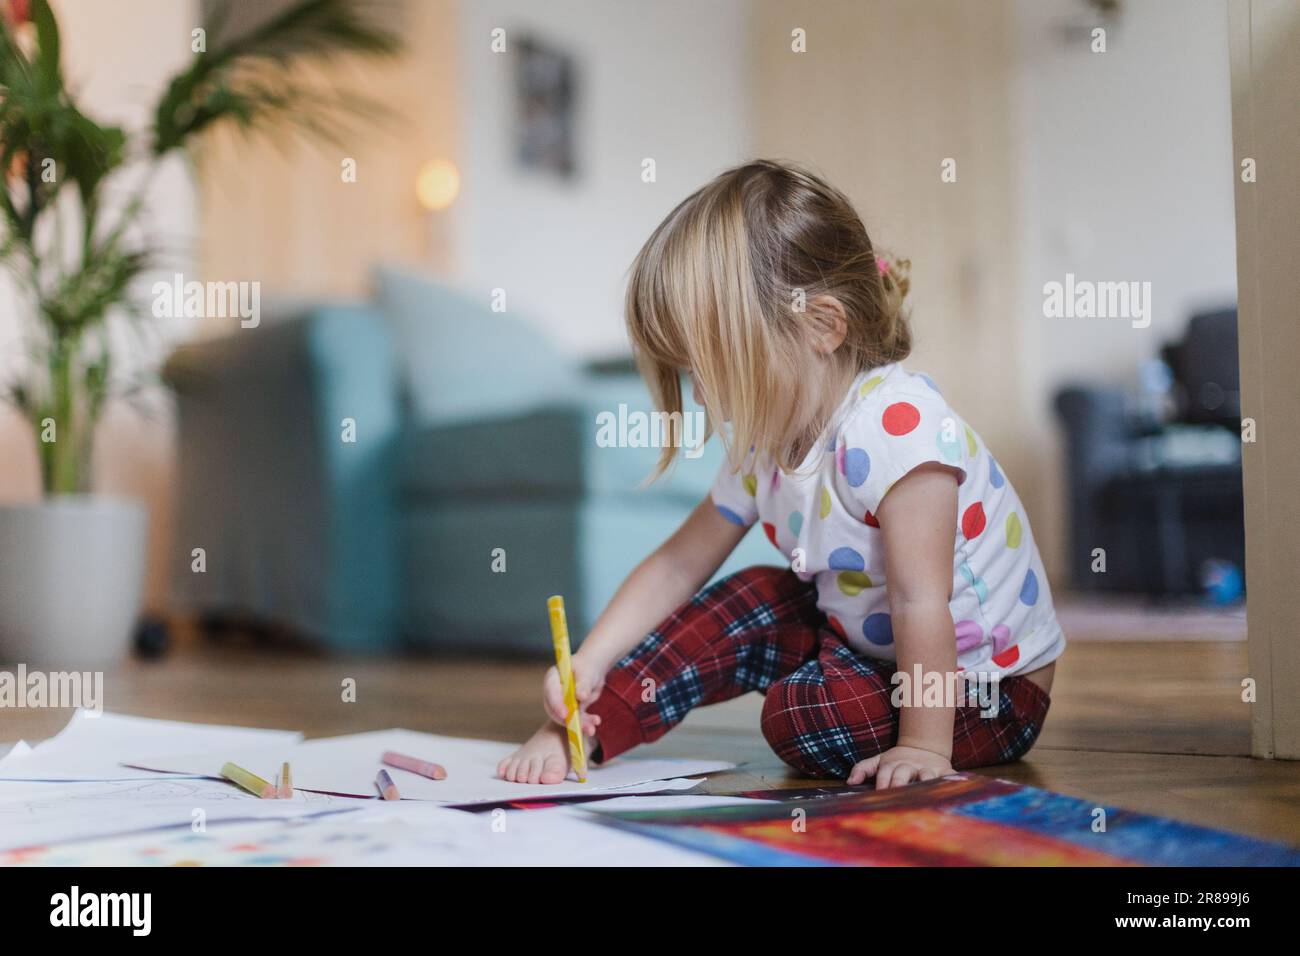 Cute little girl drawing with crayons, sitting on the floor at home. Stock Photo
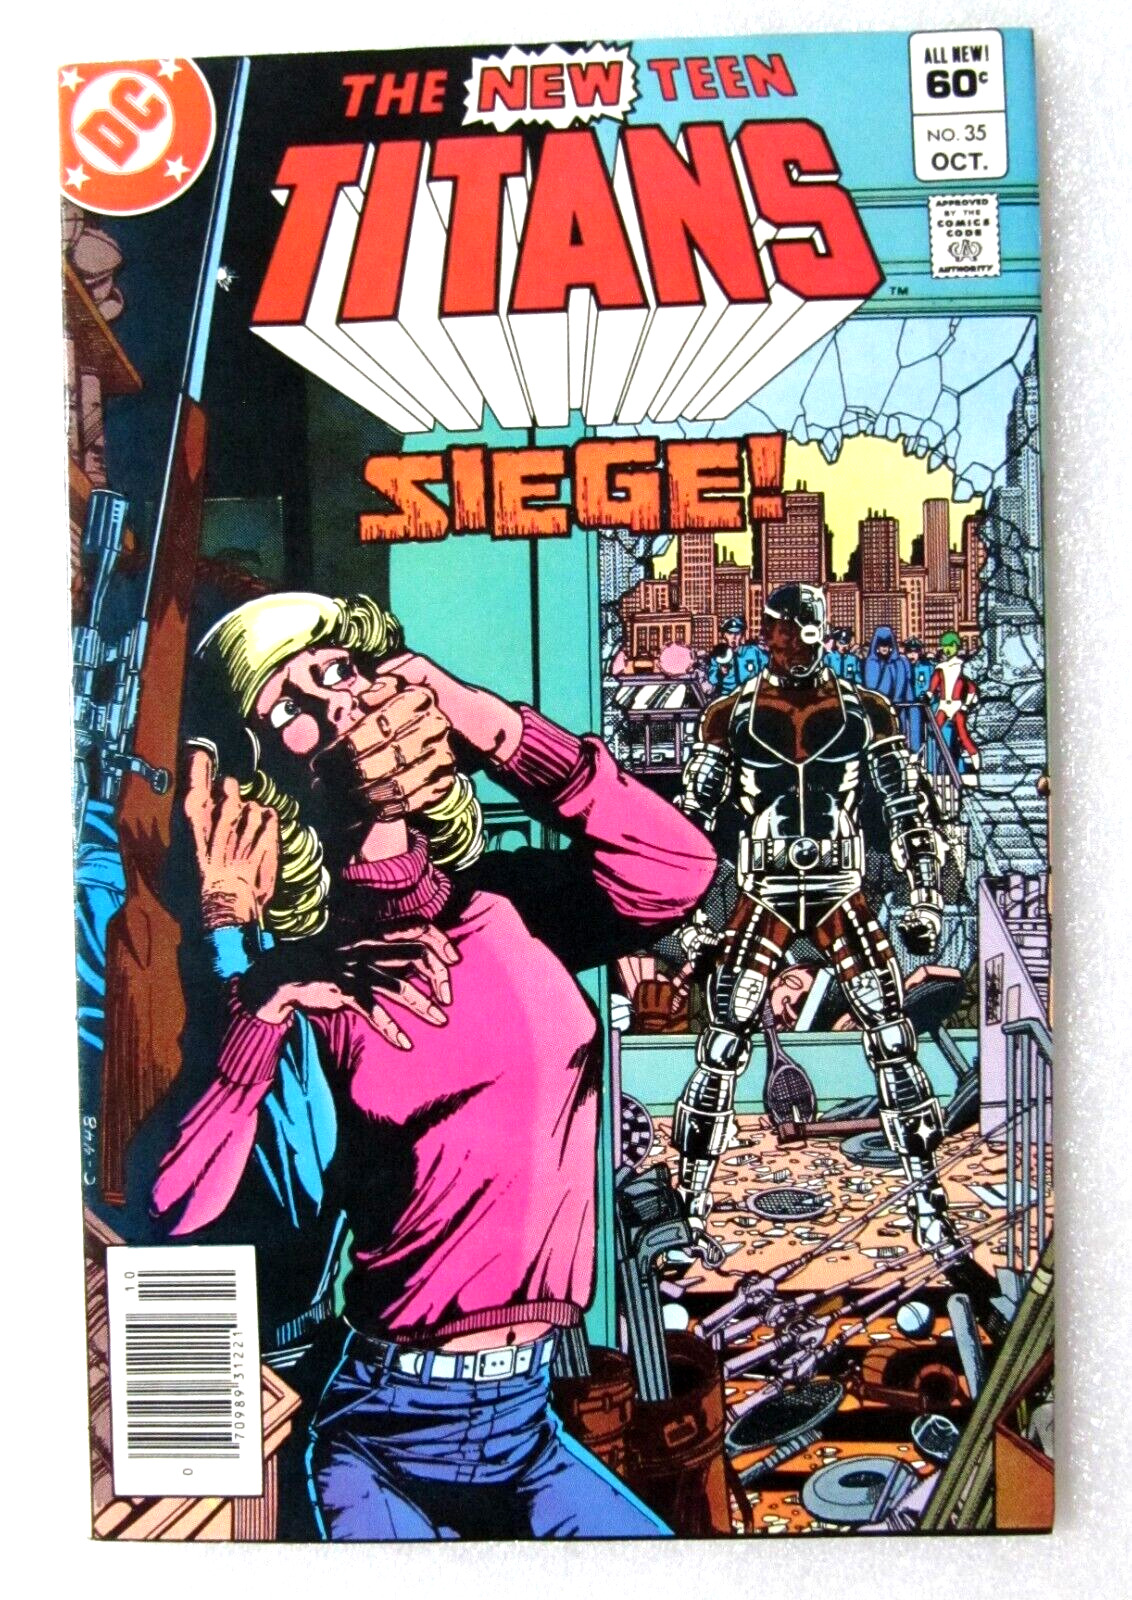 THE NEW TEEN TITANS #35 - 1983 BRONZE AGE DC COMICS - WOLFMAN, PEREZ COVER
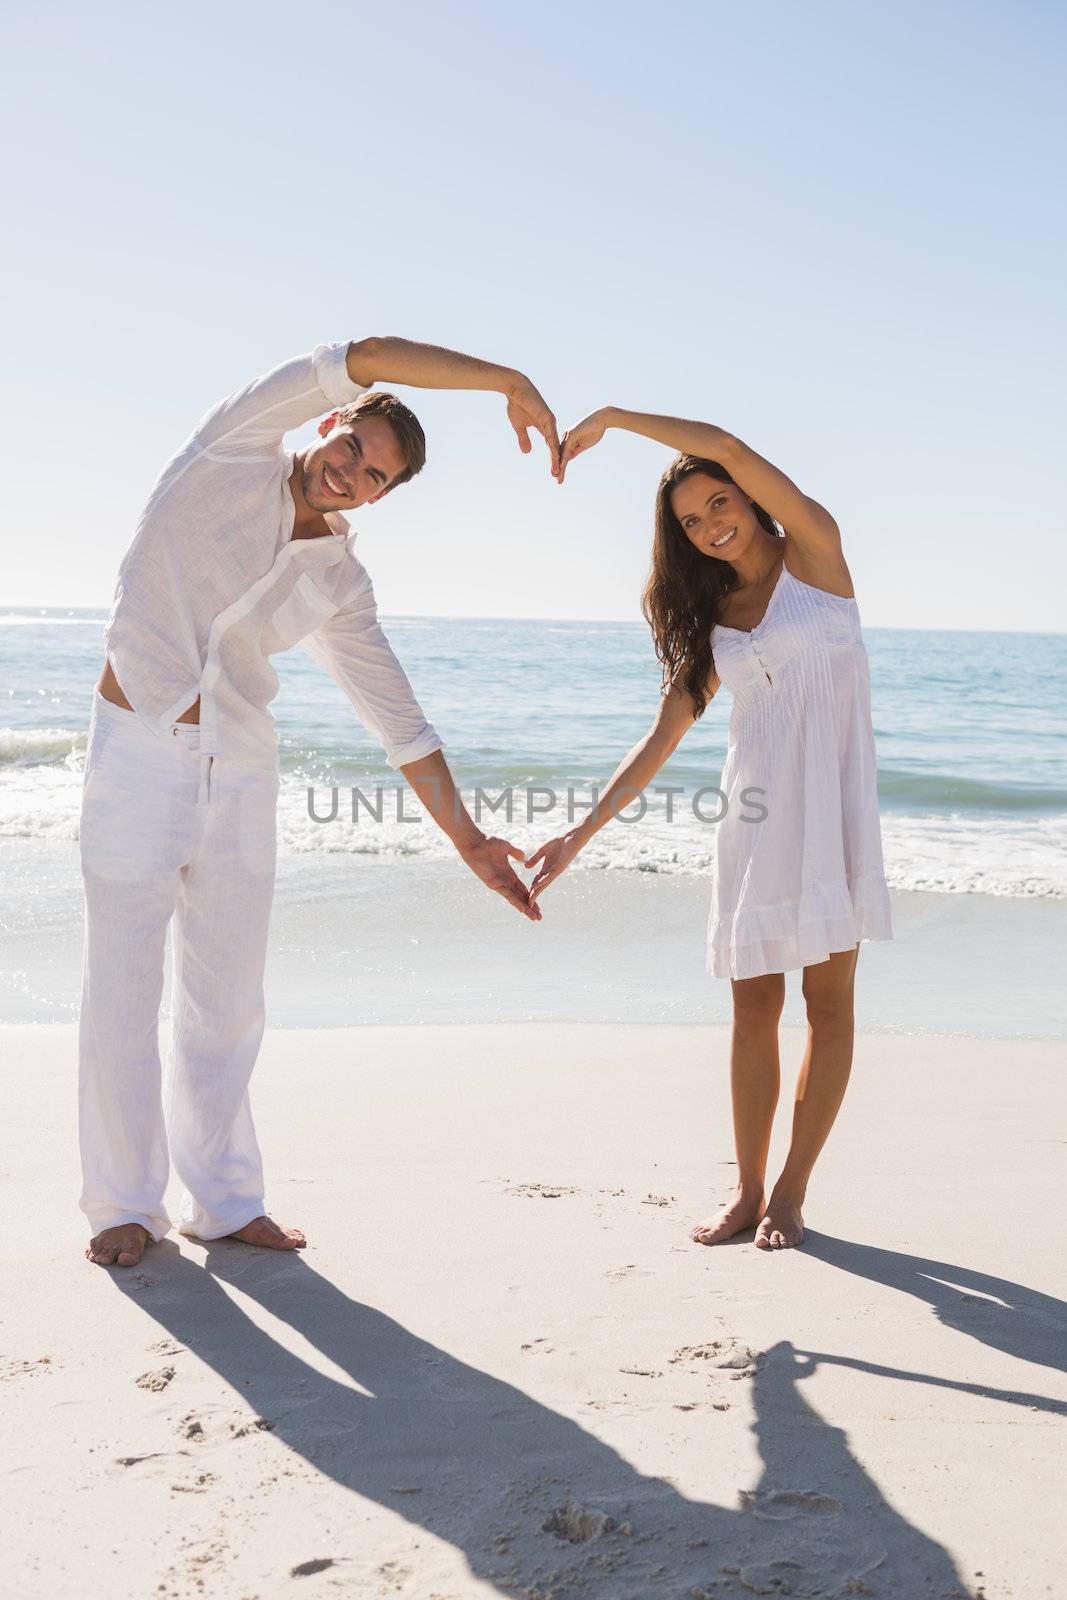 Romantic couple forming heart shape with arms by Wavebreakmedia
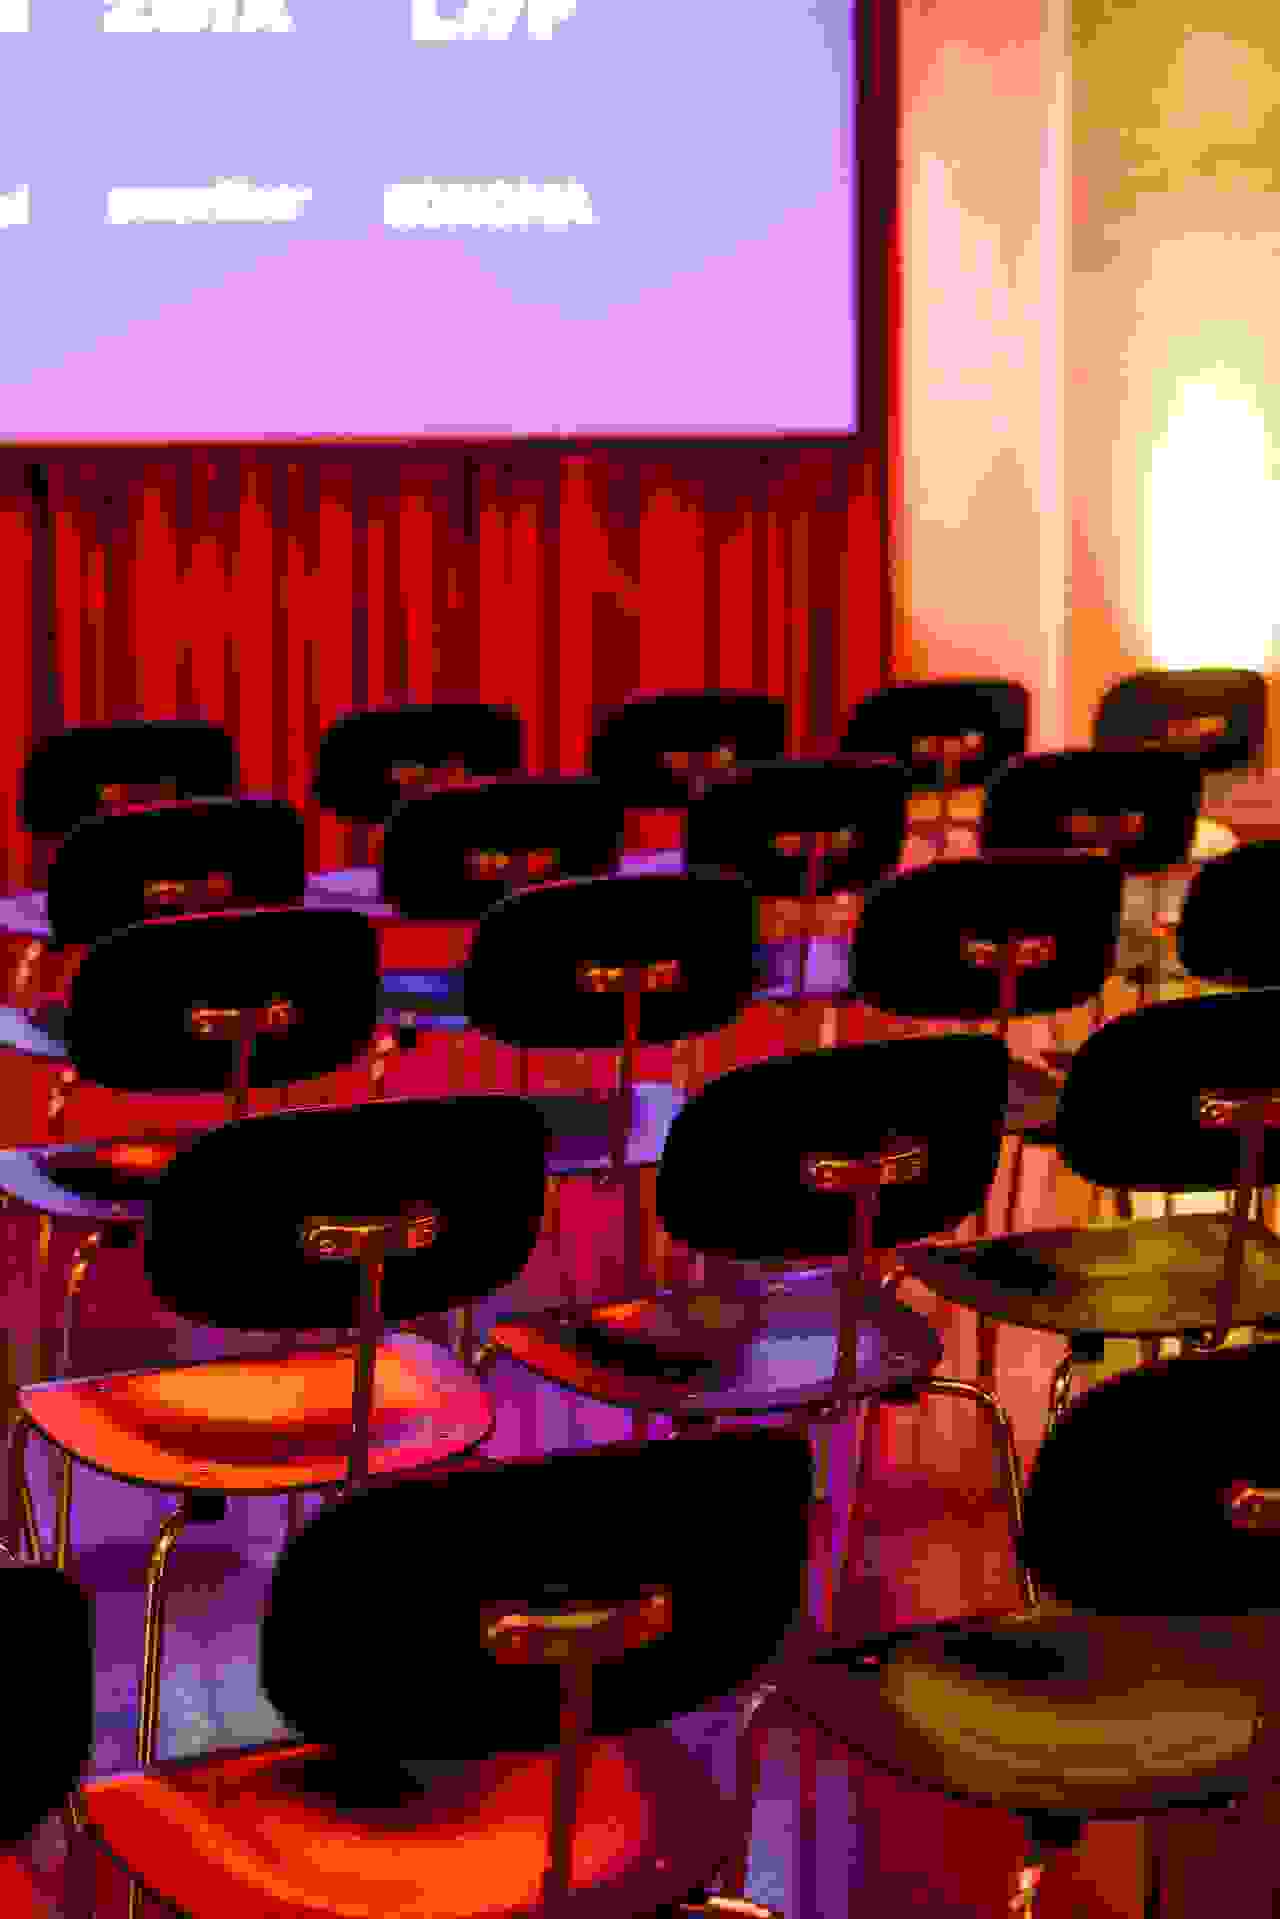 Papiersaal chairs, without people
================
Transcribe all the data word for word; the images stay out.

Exercise solution:
 Cute little girl drawing with crayons, sitting on the floor at home. Stock Photo
 THE NEW TEEN TITANS #35 - 1983 BRONZE AGE DC COMICS - WOLFMAN, PEREZ COVER
 Romantic couple forming heart shape with arms by Wavebreakmedia
 Papiersaal chairs, without people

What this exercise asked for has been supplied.